_Your task_
Restate the data below word for word, omitting pictures.

_Raw data_
▬▬▬

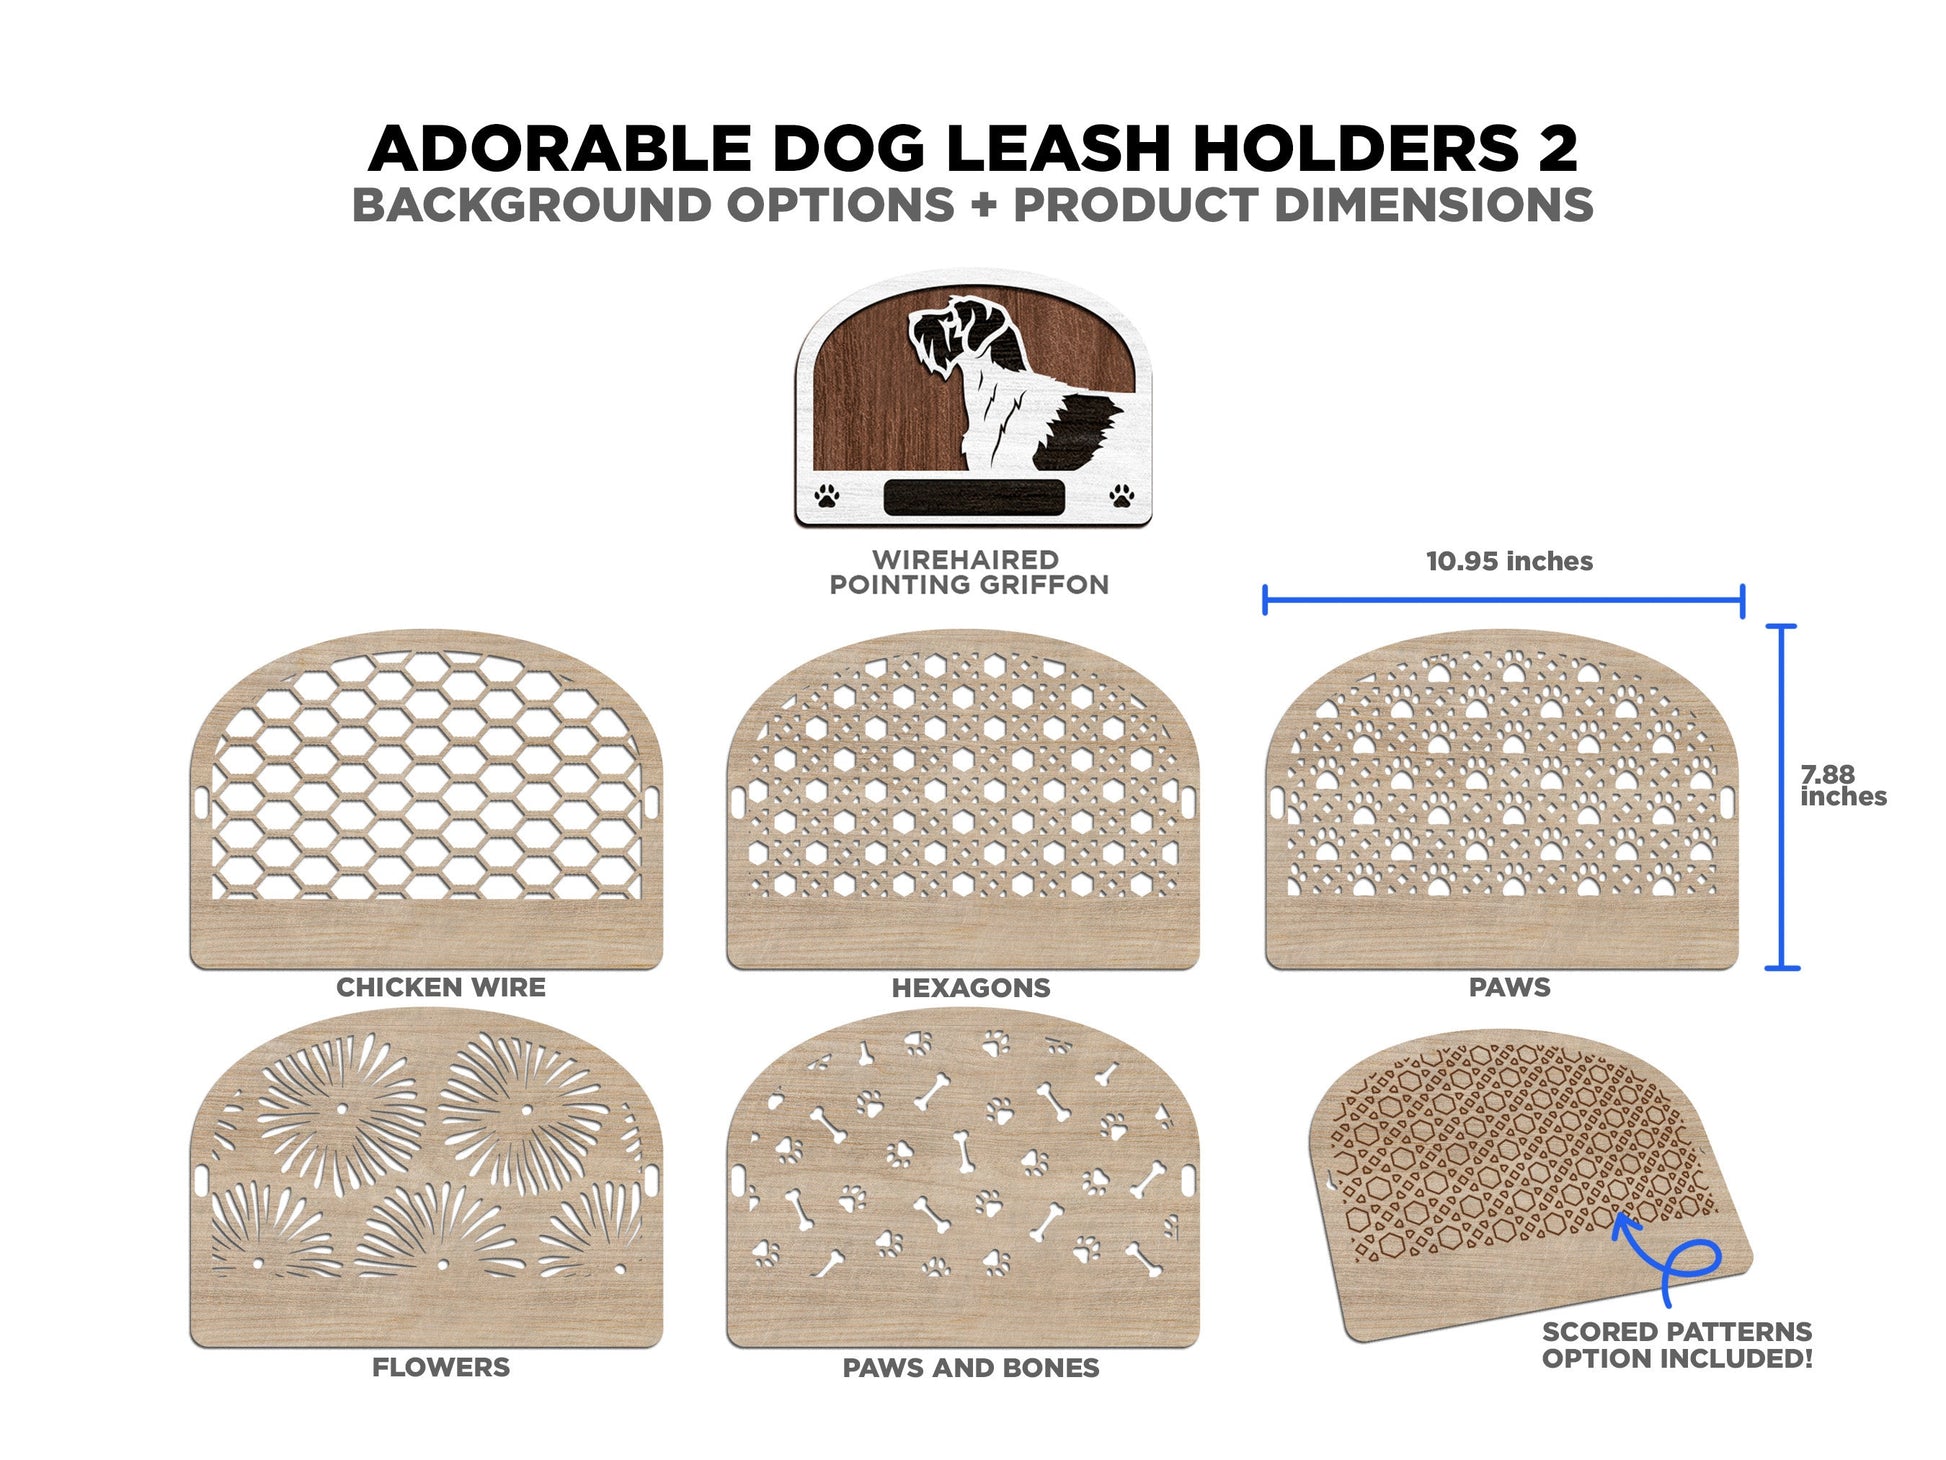 Adorable Dog Leash Holders - Pack 2 - 50 Breeds included - SVG, PDF,AI file types - Glowforge and Lightburn Tested
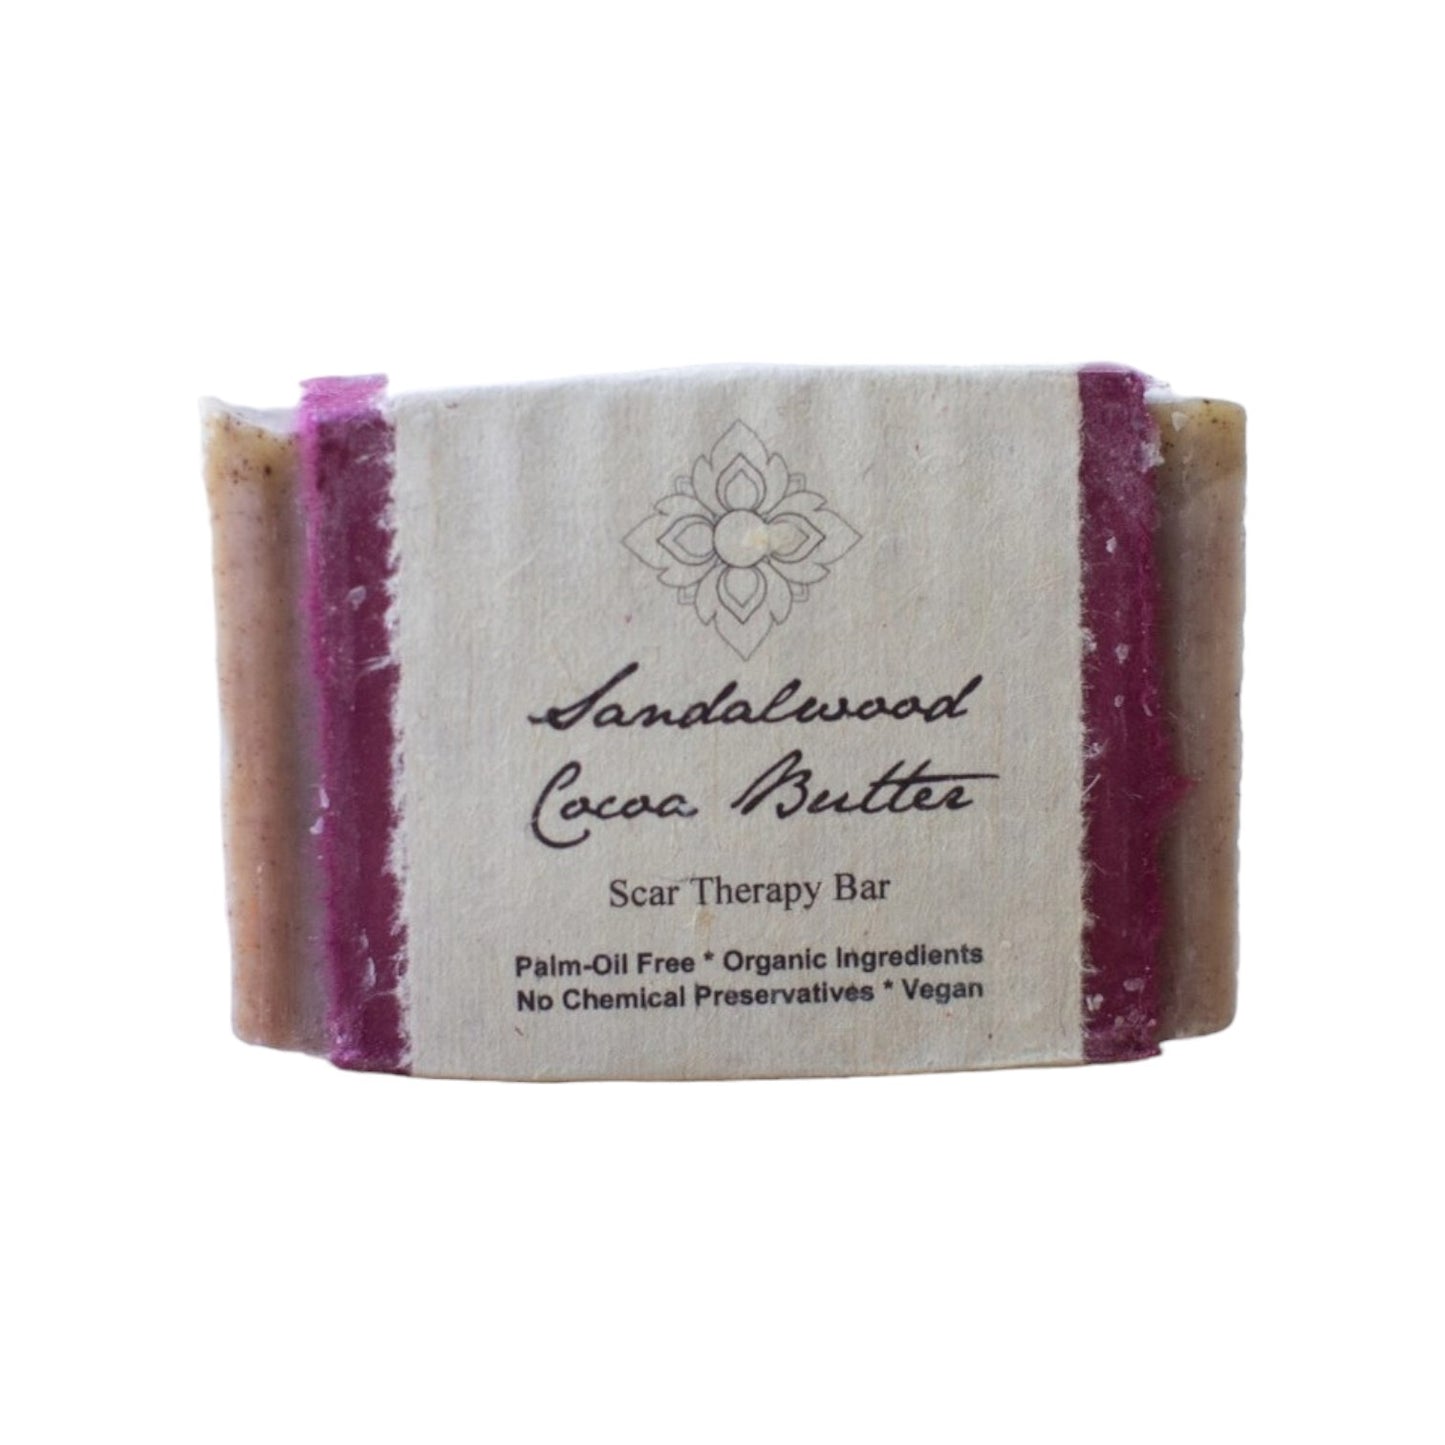 Handmade Soap Bar with the scent of Sandlewood and Cocoa Butter for scar therapy
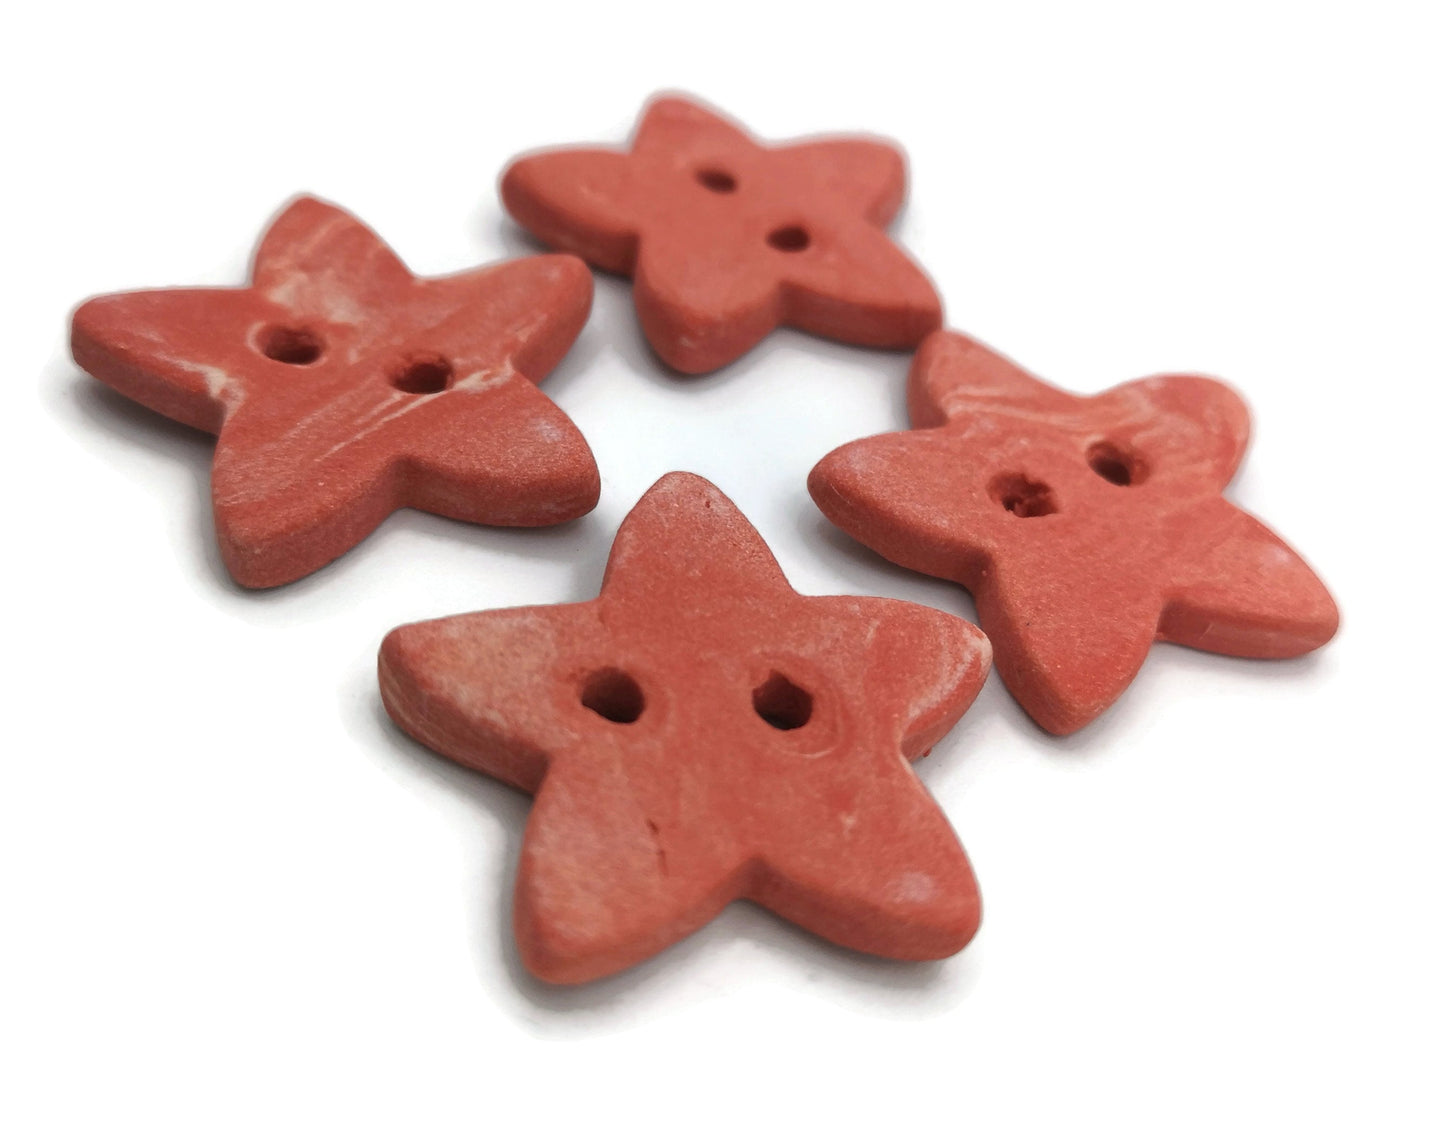 4Pc 25mm Handmade Ceramic Large Sewing Buttons Matte Red Star Shaped, Cute Sewing Supplies And Notions - Ceramica Ana Rafael

▬▬▬

_Result_
 Adorable Dog Leash Holders - Pack 2 - 50 Breeds included - SVG, PDF,AI file types - Glowforge and Lightburn Tested
 Handmade Soap Bar with the scent of Sandlewood and Cocoa Butter for scar therapy
 4Pc 25mm Handmade Ceramic Large Sewing Buttons Matte Red Star Shaped, Cute Sewing Supplies And Notions - Ceramica Ana Rafael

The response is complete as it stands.